Devaluaciones argentinas
A menudo mis compatriotas preguntan —a cualquiera que salga del país, a cualquiera que entre— “cómo nos ven afuera”. La “imagen argentina en el exterior” es una de las obsesiones nacionales. Por eso, no les gusta que les digan la verdad: que, en general, nadie nos mira. Salvo, faltaba más, en semanas como ésta.
Esta semana, la muerte del fiscal Nisman atrajo la crónica roja y negra de los diarios del mundo con sus botes, sus rebotes, sus tropiezos. Cuando se disipe la niebla del morbo policial-politiquero, cuando se haya asimilado el choque bruto de la vuelta de la muerte política al escenario nacional, empezarán a aclararse otros efectos de mediano plazo. Las devaluaciones, por ejemplo.
La Argentina, un país que (se) ha devaluado tanto, terminó de sancionar en estos días dos devaluaciones decisivas. Una es la devaluación de la palabra del Estado. En enero de 2007 la entonces presidenta Cristina Fernández decidió la intervención del Instituto Nacional de Estadísticas y Censos (INDEC). La inflación crecía más y más, y la respuesta oficial fue matar al mensajero: pusieron a un kamikaze al frente del INDEC y lo lanzaron a producir cifras visiblemente falsas, ridículas, que no engañaban a nadie. Provincias, parlamentos, consultoras ocuparon el vacío y empezaron a ofrecer números utilizables. El Estado suicida resignaba su monopolio sobre esos datos que definen la economía del país —inflación, empleo, pobreza, producción— y, sobre todo, dejaba clara su voluntad de mentir. Desde entonces, el Estado argentino fue percibido más y más como una fábrica de ficciones —el Relato—; la tendencia tuvo su apoteosis en estos días, en que nadie cree las versiones oficiales sobre la muerte de Alberto Nisman. Y no sólo porque son confusas, contradictorias; si, por algún milagro, la justicia o la policía mostraran un vídeo providencial que registrara la agonía paso a paso, quedaría una enorme proporción de argentinos que seguiría preguntándose cómo lo falsificaron.
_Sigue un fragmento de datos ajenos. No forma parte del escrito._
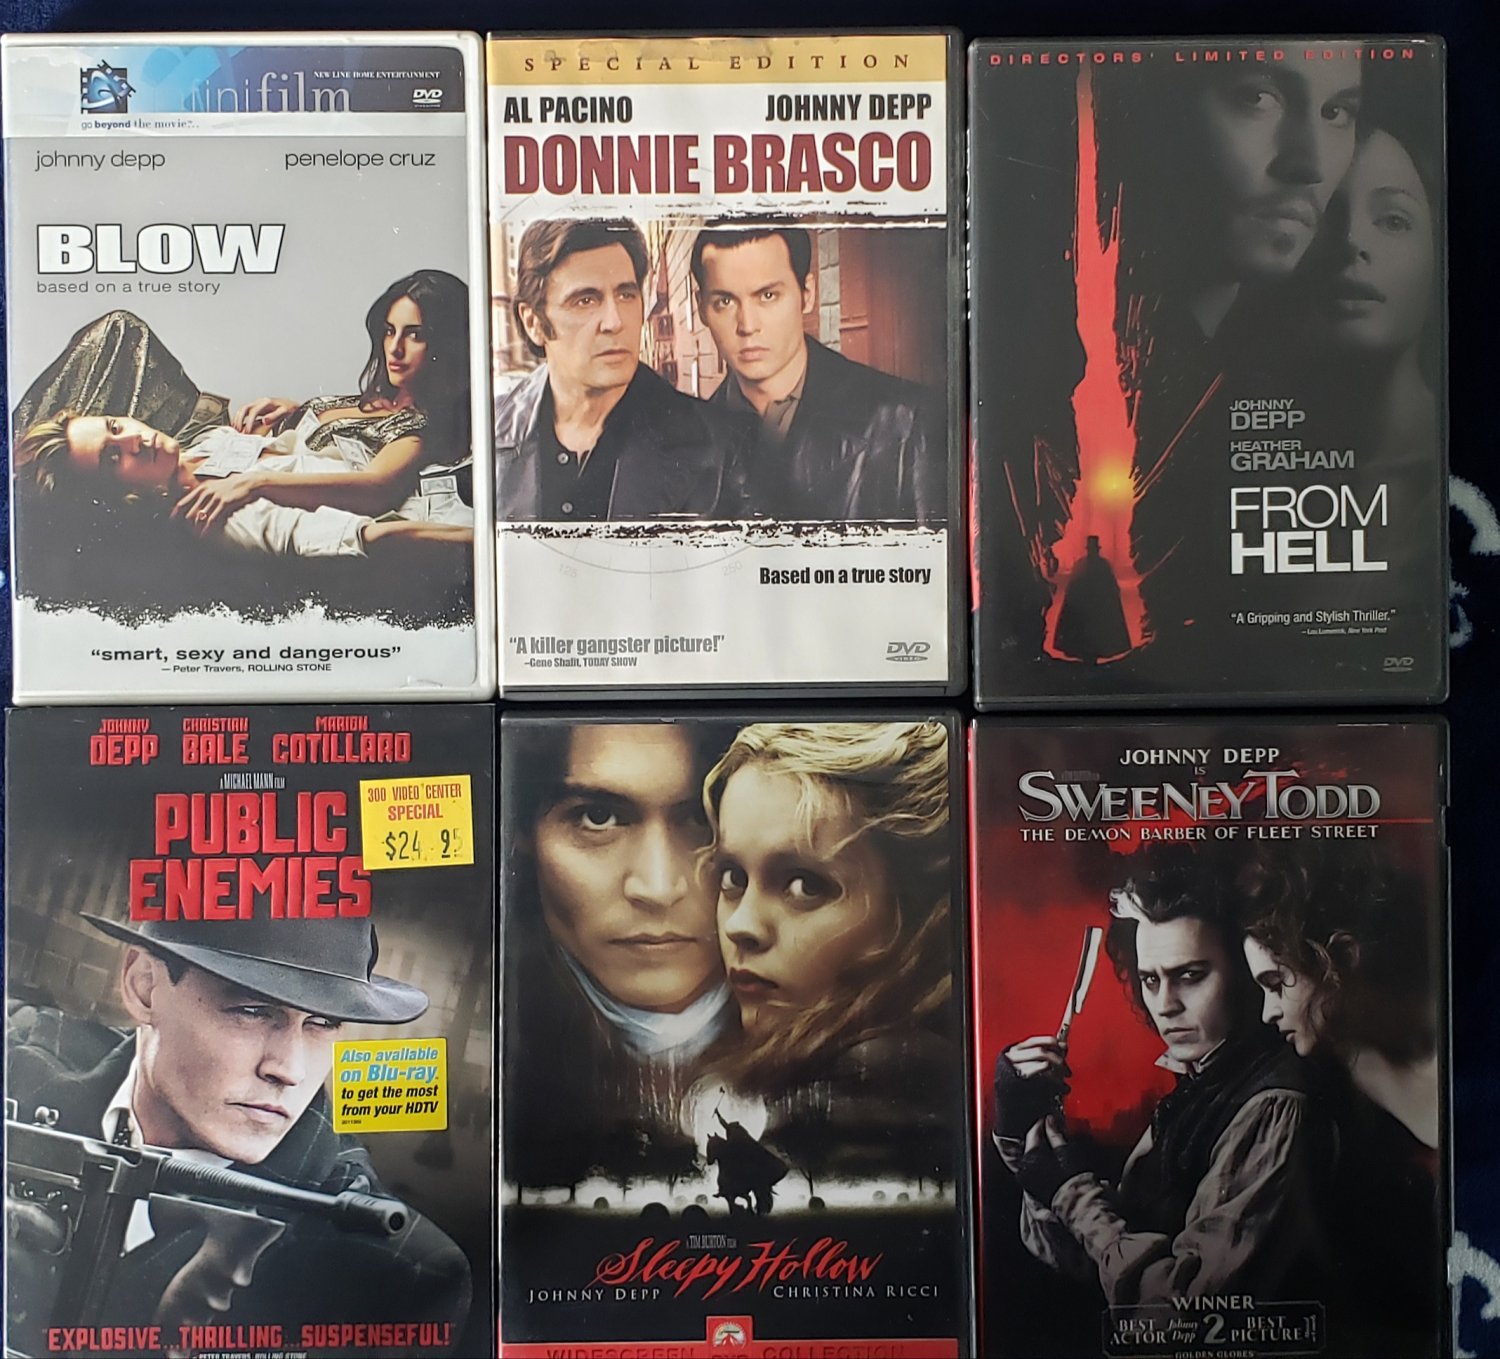 LOT OF 6 JOHNNY DEPP DVD MOVIES BLOW DONNIE BRASCO FROM HELL SWEENEY TODD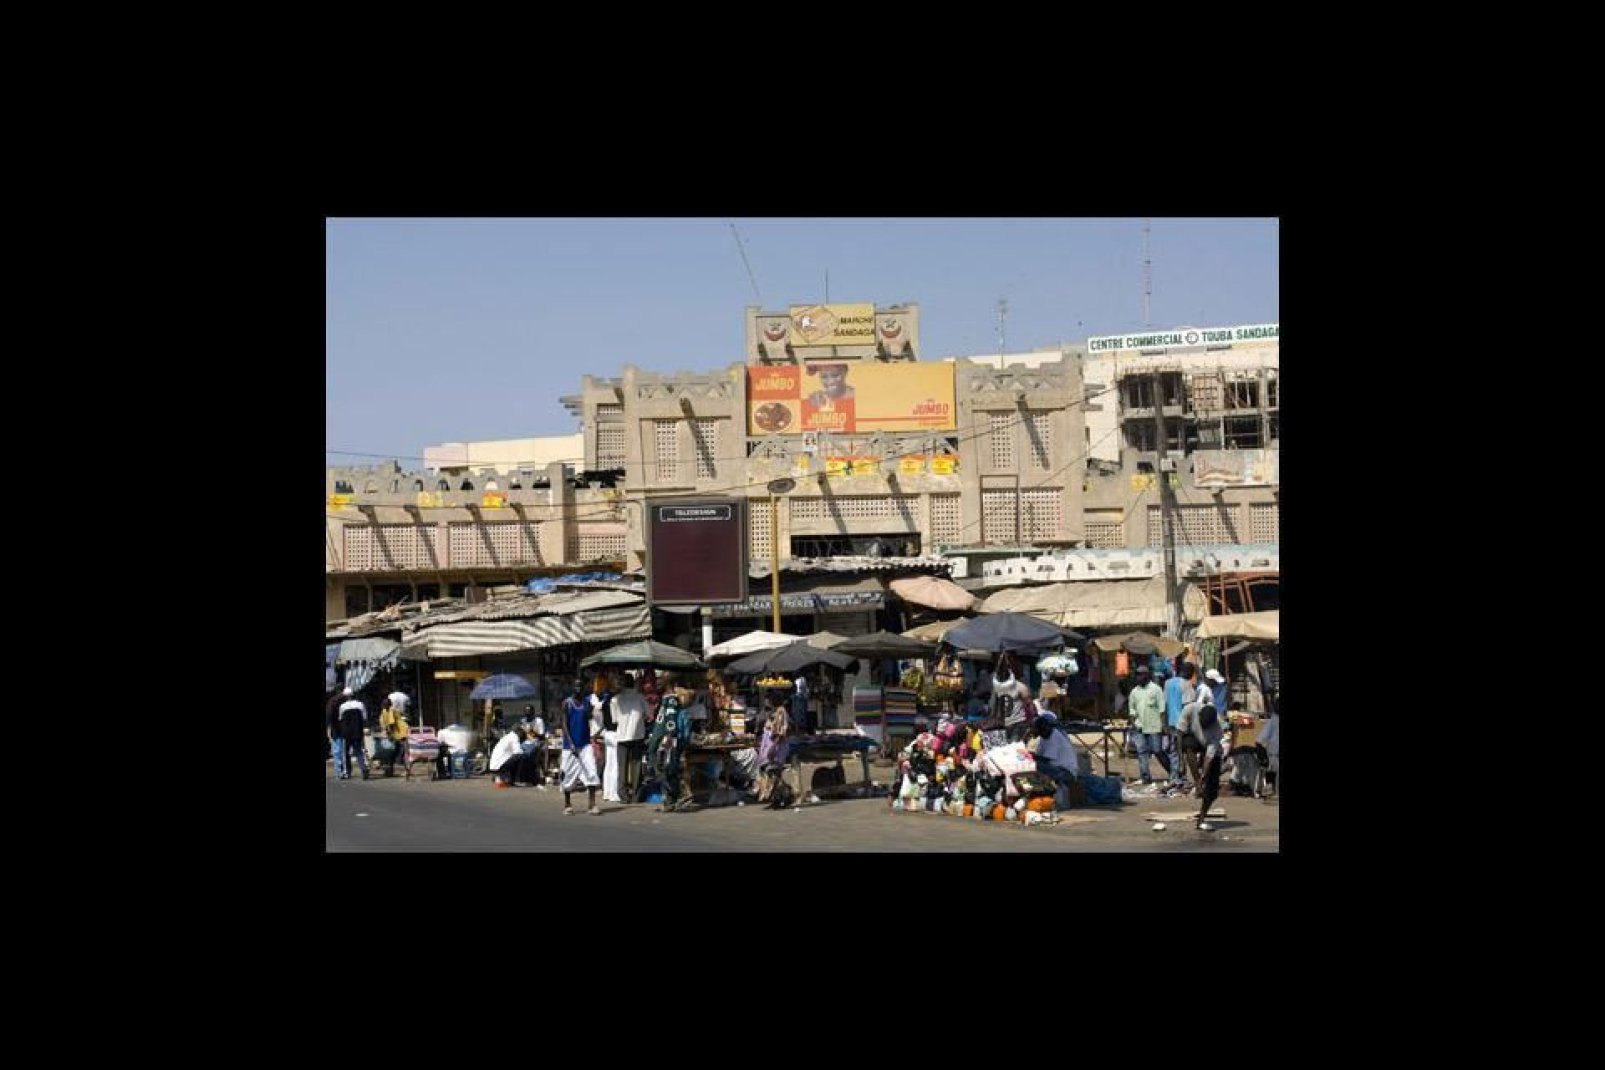 Dakar is home to a dozen or so markets, each with its own specific characteristics and atmosphere.

Y, al mismo tiempo, terminó de devaluarse la palabra presidencial. La señora Fernández, tan adicta a las cadenas nacionales, se mantuvo en silencio toda la semana que siguió a la muerte de su acusador. Pero escribió dos cartas, publicadas en su Facebook. Si su autora no fuera la presidenta podrían usarse como ejemplo escolar de la degradación de la escritura al sur del sur, y de los vericuetos y asperezas de una mente confusa. Pero es. Se supone que la palabra de un presidente debe tener un peso: no por la persona sino por el cargo. Para un presidente, su palabra es una herramienta de poder: sus ciudadanos deben estar convencidos de que, si dice algo, eso que dice tiene raíces, razones, fuerza, efectos. Si habla sin ton ni son, si escribe lo primero que se le pasa por los dedos, si no se deja asesorar, si comenta la realidad de su país como si no fuese su responsabilidad, si despotrica como si fuera oposición, la palabra presidencial se va degradando hasta convertirse en ocasión de chistes malos o, en el mejor de los casos, un ruido de fondo. Aunque logre, por momentos, cumbres retóricas; entre ellas, una de esas frases (in)felices que durarán en la memoria como la síntesis de algo que muchos preferirían olvidar: “No tengo pruebas pero no tengo dudas”.
Las devaluaciones de la palabra —del Estado, de la presidencia— tendrán efectos que desbordarán, más allá de este período, sobre años y años de política argentina. Efectos que podrían, incluso, ser interesantes: los políticos que quieran recuperar el peso de esas palabras deberán hacer esfuerzos ingentes —de sinceridad, de verosimilitud, de inspiración— para lograrlo. O quizá nunca lo consigan —la Argentina es, al fin y al cabo, el país del Quesevayantodos— y entonces la historia puede ser más interesante todavía.